One couple, Dennis and Hannah O’Rourke, lost their firefighter son Kevin at the World Trade Center. Goudie remembers sitting with a woman whose husband was missing in New York — she never learned if he was found safe, but says the experience stayed with her.

“I remember sitting with her, and her crying and telling me the story about how she couldn’t find him, and I went out to the car after and all I could do was cry,” Goudie says.

The local telecom company provided access to phones so people could call home without charge. Retailers provided supplies from their shelves, and the SPCA took in pets that had been on the planes.
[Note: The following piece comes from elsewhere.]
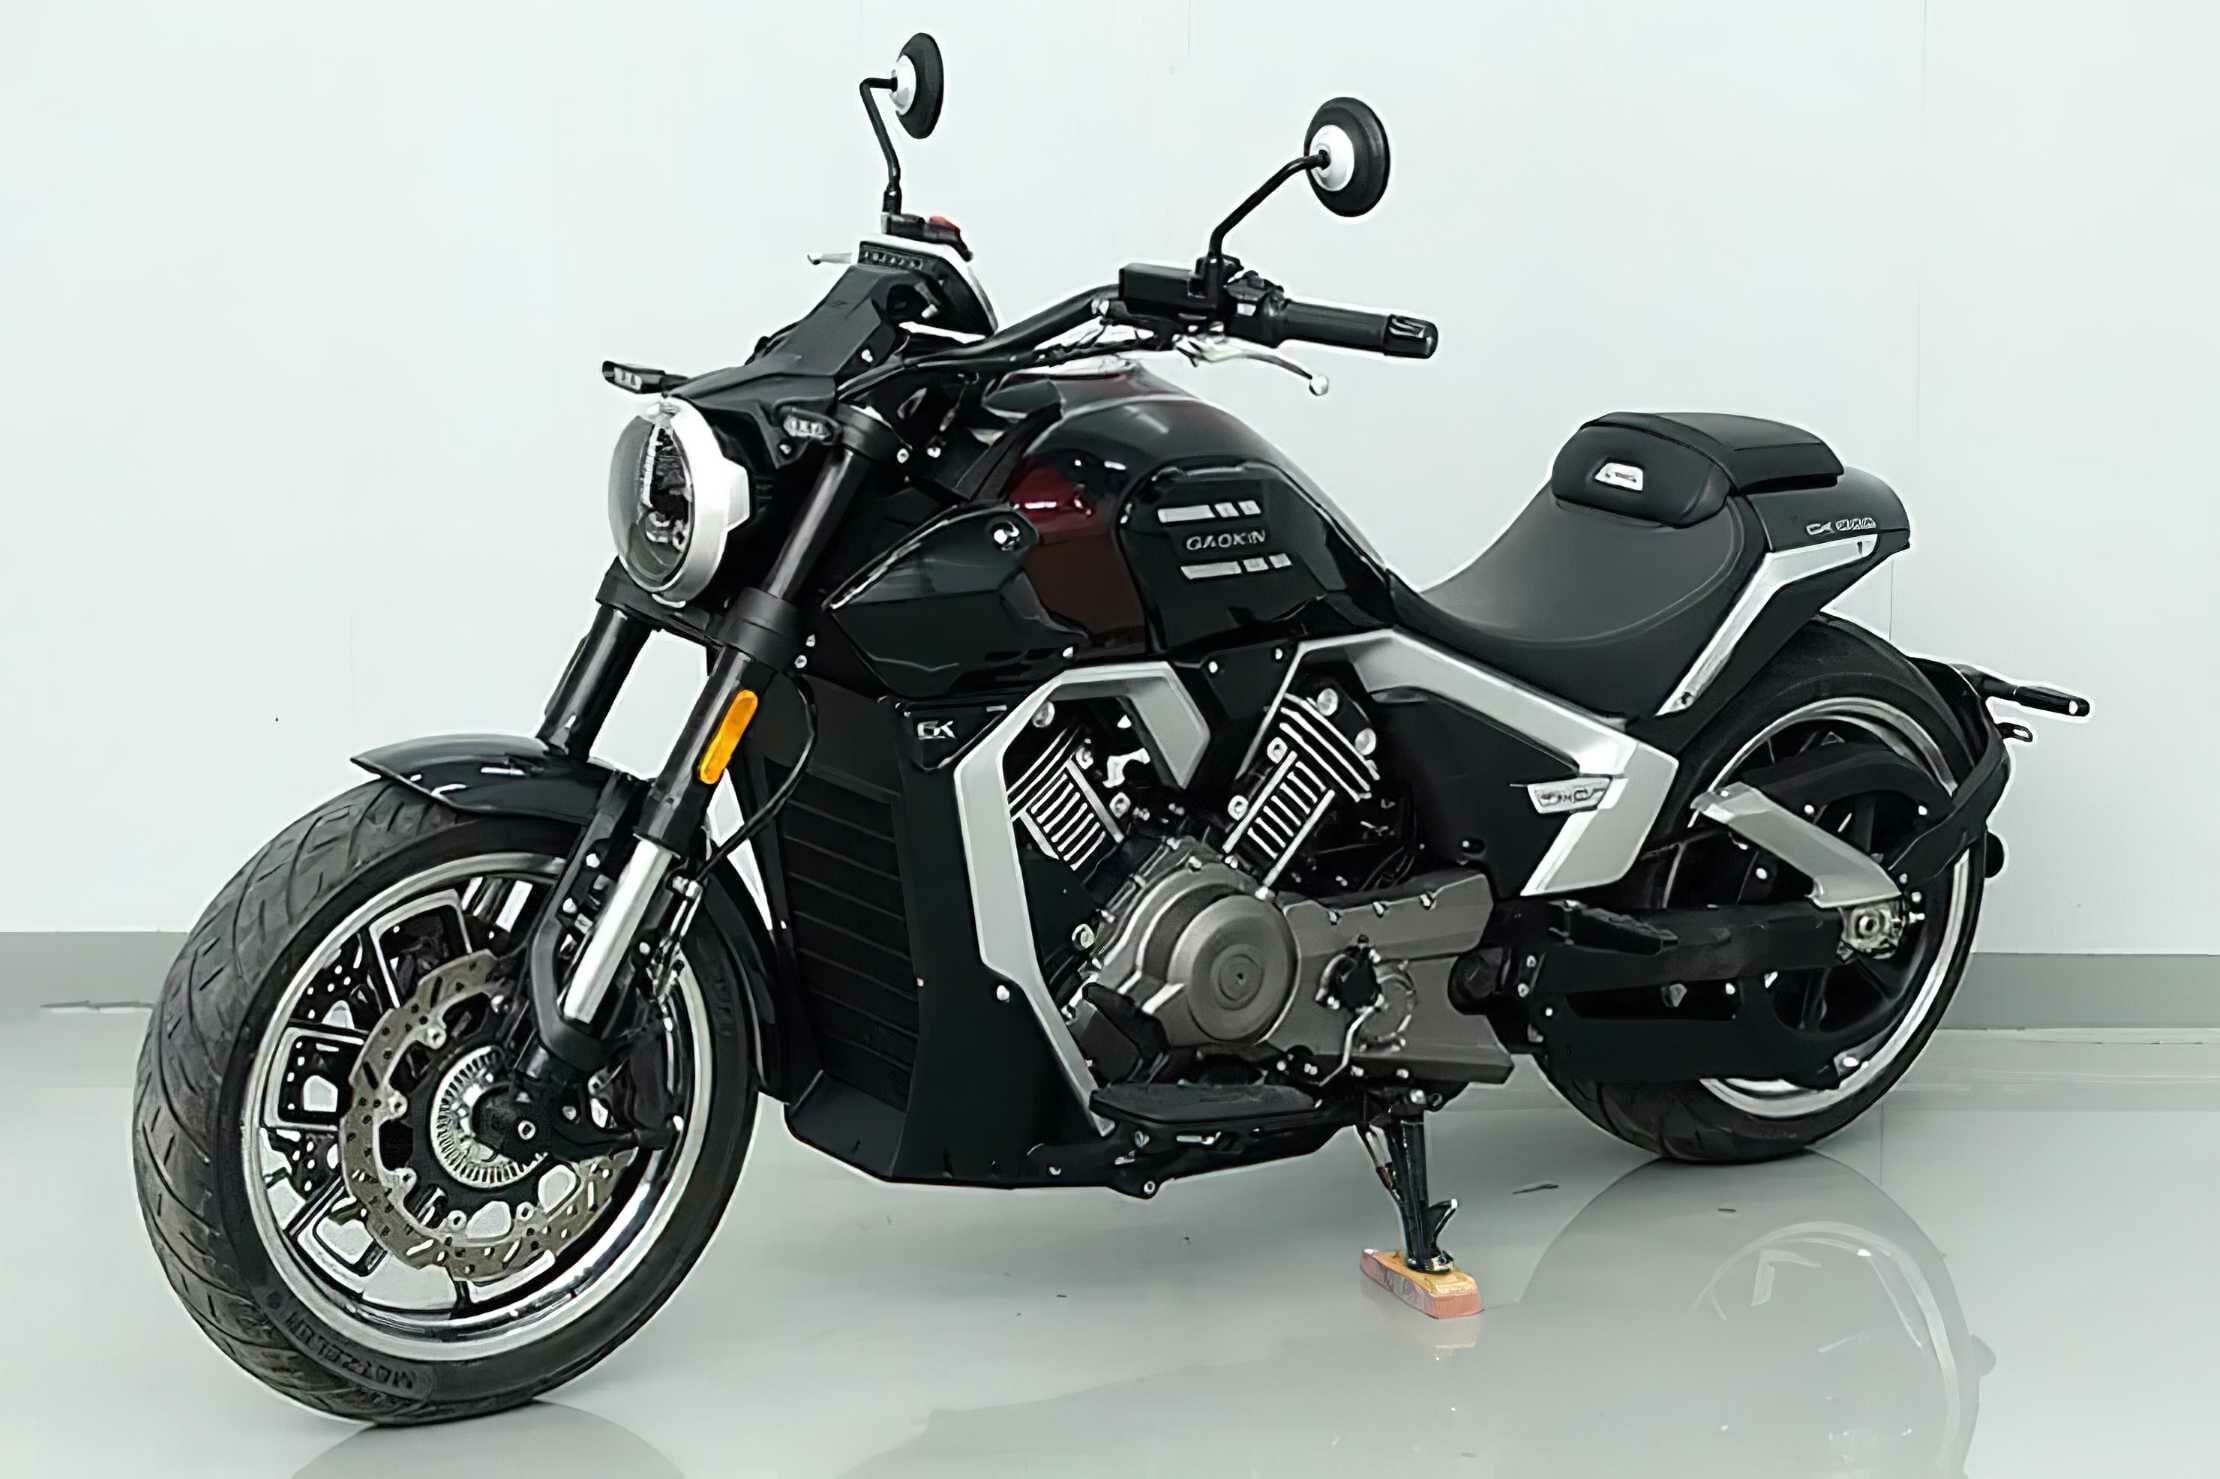 The Gaokin GK1000 could become a new Brixton for Europe - MOTORCYCLES.NEWS

People expressed their surprise that their hosts would leave them alone in their homes or hand over the keys to their cars when they went to work, Goudie says.

“As the week progressed and people started realizing what was happening and what was going on, it was just amazing the stories and the gratitude and the emotion,” Goudie says.

Collenette says the Charter of Rights and Freedoms and the efforts to safely land planes and house passengers and crew on 9/11 are the two events of his political career that stick out most clearly today,.

“There’s no question that it was probably the most traumatic day in my political life,” he says of 9/11. “Politicians get involved in a lot of decisions, very important decisions, but very rarely are there issues that come into play that have such a global impact.”

Though the federal government led the efforts to reroute planes and provided financial compensation after the fact, it was provinces, municipalities and community groups that did the ground work of landing the planes, disembarking and processing passengers and crew, and sheltering people until they could go home.

“The people in Newfoundland in particular, because of the way they welcomed all these people, contributed almost in a legendary way to better relations with the United States,” Collenette says. “I think there was a special bond there that developed.”

Mayor Elliott saw some of the lasting effects of those days while in Washington, D.C., this week, where he caught a performance of Come From Away.

“When it was over it was about a five-minute standing ovation for the cast,” he says. “They’ve done a fantastic job portraying what happened in Gander.”

Goudie, who is the basis for a character in the play, was able to see a performance in Toronto and plans to attend one in Gander in October before it returns to Toronto and then heads to Broadway. The contrast of the humanity shown to those stranded in Gander with the attacks in the U.S. why the story the play tells still finds an audience 15 years later, she says.

“It was a really special time to be a part of,” Goudie says. “It really made everyone realize that at the end of the day we’re all human beings, and we’re all looking for security and comfort.”